Volunteer, Bill Beletsky of Springfield, built the nest boxes for placement on the poles, following a Cornell Ornithology Lab design for two boxes. For a third box, he made minor adjustments of his own design, including to the resting perch for the male to alight near the female laying on the eggs, and a central attachment design on the pole. The boxes were attached to the poles while on the ground; a few sticks added to the box bed to encourage nest building. Then the full nesting platform and pole were hoisted into a six-foot hole augured to receive it. 

Ospreys inhabit locations thorough-out the world, making a come-back from the ravages of the insecticide DDT in the 1960-70s, which devastated their numbers. The world’s heaviest concentration of nesting Osprey’s now is in our own Chesapeake Bay region. The Bay area supports 10,000 to 12,000 breeding pairs. As their numbers grow, more of the elegant fish hawks, which eat only fish, are making homes near other Virginia waterways. Osprey’s are finding local rivers, lakes, and wetlands acceptable places to raise their young with their bounty of fresh water fish. 

There are concerns about Virginia’s menhaden fishery impacting food sources for the birds and other creatures. Menhaden are an important food source for ospreys and many predator fish, bald eagles, dolphins, and whales. 

Commercial interests harvest menhaden for use as fertilizers, animal feed, and bait for crab and lobster fisheries. 

But the osprey population is in trouble in parts of the Chesapeake Bay where ospreys are producing far too few nestlings to sustain their numbers, said Robin Todd of the Maryland Ornithological Society. Recent research by Bryan Watts of William and Mary’s Center for Conservation Biology indicates that a major cause is the industrial fishing of menhaden, a key food source for these birds.

Ospreys typically build nests near fish sources; on top of trees, telephone poles, buoys, or human-made nesting platforms. The Lorton platforms are within birds’ view of the Occoquan River, Lake Mercer, Burke Lake, and Huntsman Lake. Nests constructed by ospreys are large and make use of sticks, reeds, and grasses. The birds are notorious for also using man-made nylon or plastic netting, plastic bags and other garbage, often with disastrous results, when talons, or necks of young chicks, get stuck in the unyielding materials. 

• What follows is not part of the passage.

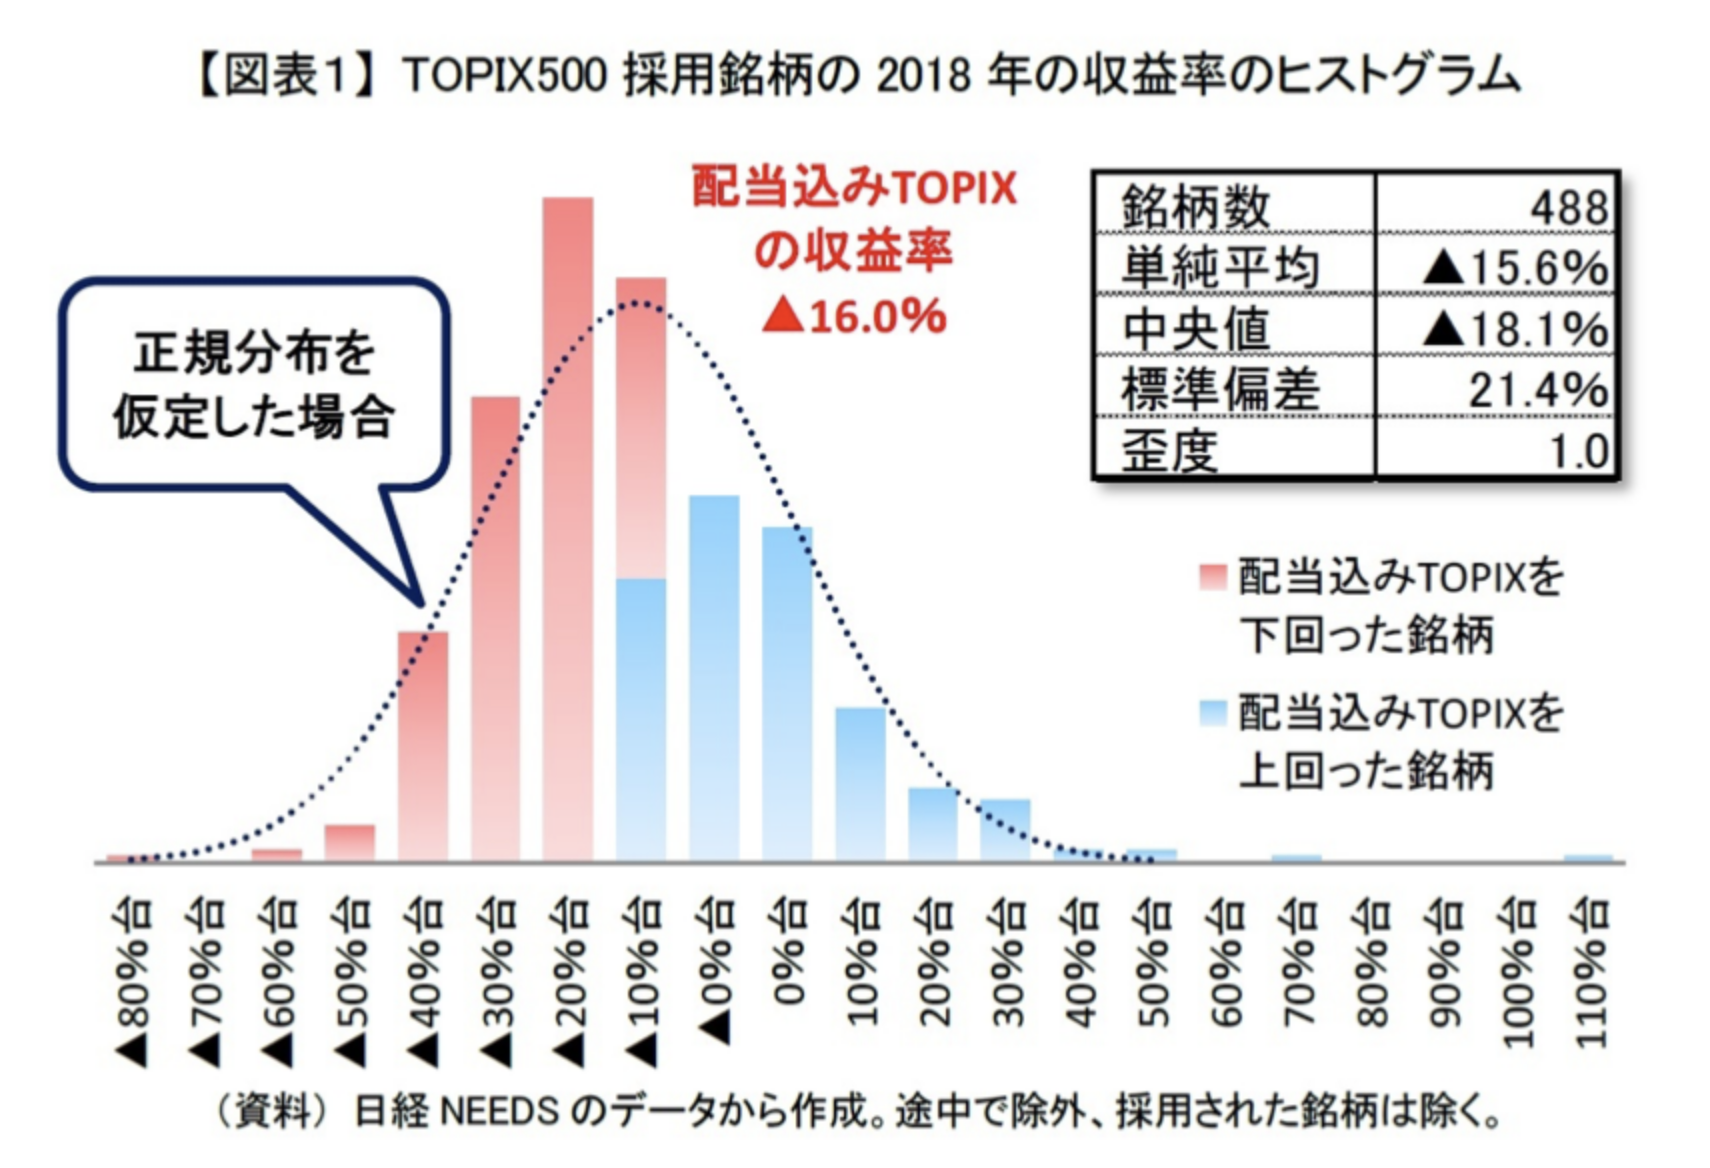 TOPIX500採用銘柄の収益率のヒストグラム

In a successful breeding season, a pair will hatch two or three chicks, feed them through fledging, then teach them to hunt on their own before their migration south for the winter.

Once they successfully raise chicks in a nest, the osprey pair will return to it year after year. As pairs successfully raise more and more chicks, available nesting spots for young birds are in demand. The Lorton volunteers hope the three new nest platforms installed in Laurel Hill Park will be occupied when young birds return from the Caribbean and South America next March.